Though dazed from heat and exhaustion, the men hurried back through the mercifully cooling dusk to raise their mosquito nets over the camp-beds. This done, they left their kit under the nets and then made their way gratefully to the mess tent. There they had a replenishing meal of ‘compo’ sausage, mashed potatoes and beans, followed by rice pudding, all washed down with hot tea.

While eating his meal, Les struck up a conversation with Corporal Jamie McBride of A Squadron, who had just returned from one of the OPs located high in the Radfan, the bare, rocky area to the north of Aden.

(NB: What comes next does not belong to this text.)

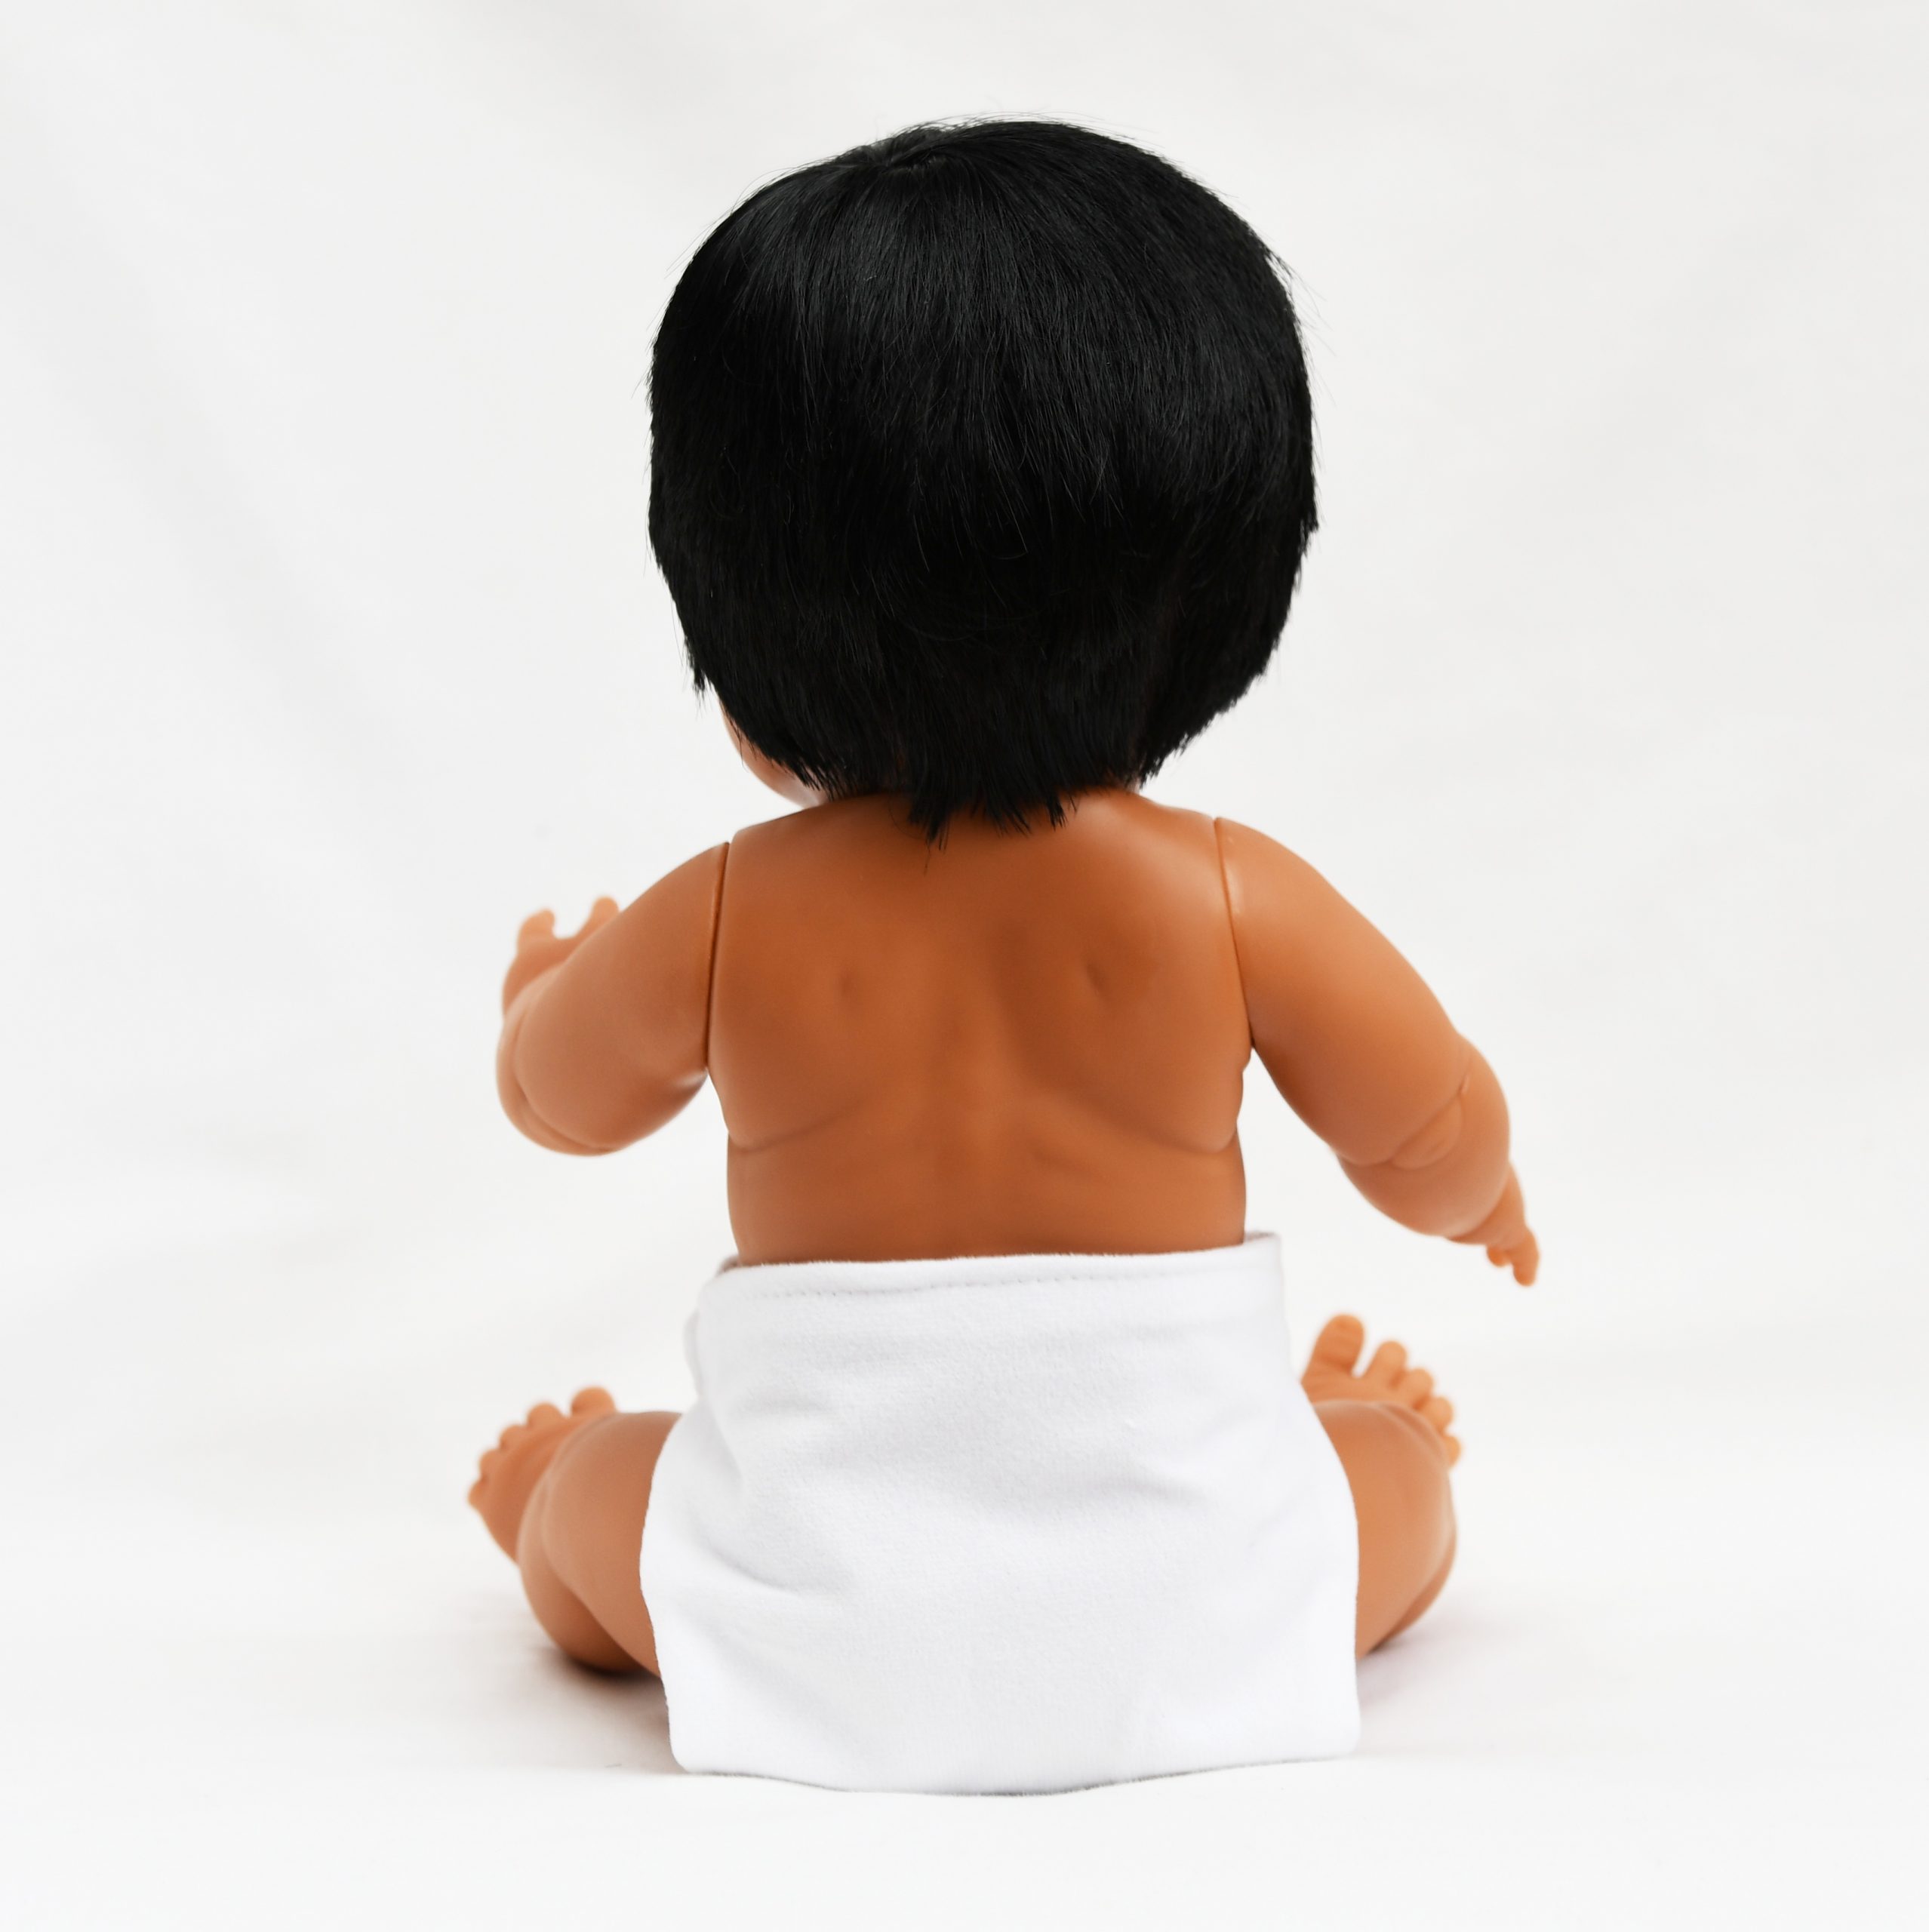 Poupée garçon syndrome de Down-noir : 38 cm - Tangram Montessori

‘What’s it like up there?’ Les asked.

‘Hot, dusty, wind-blown and fart-boring,’ McBride replied indifferently.

‘Good to get back down, eh?’

‘Right,’ the corporal said.

‘I note we have a NAAFI tent,’ Les said, getting to the subject that concerned him the most. ‘Anything in it?’

‘Beer and cigarettes,’ the weary McBride replied.

‘Anything else?’

‘Blue magazines and films, whores, whips and chains…What do you think?’

‘Just asking, mate. Sorry.’

Realizing that his fellow soldier was under some stress, Les gulped down the last of his hot tea, waved his hand in farewell, then followed the others out of the mess tent.

‘Another fucking briefing,’ he complained to Ken as they crossed the clearing to the big HQ tent. ‘I need it like a hole in the head.’

‘You’ve already got that,’ his mate replied. ‘Between one ear and the other there’s nothing but a great big empty space.’

‘Up yours an’ all,’ said Les wearily.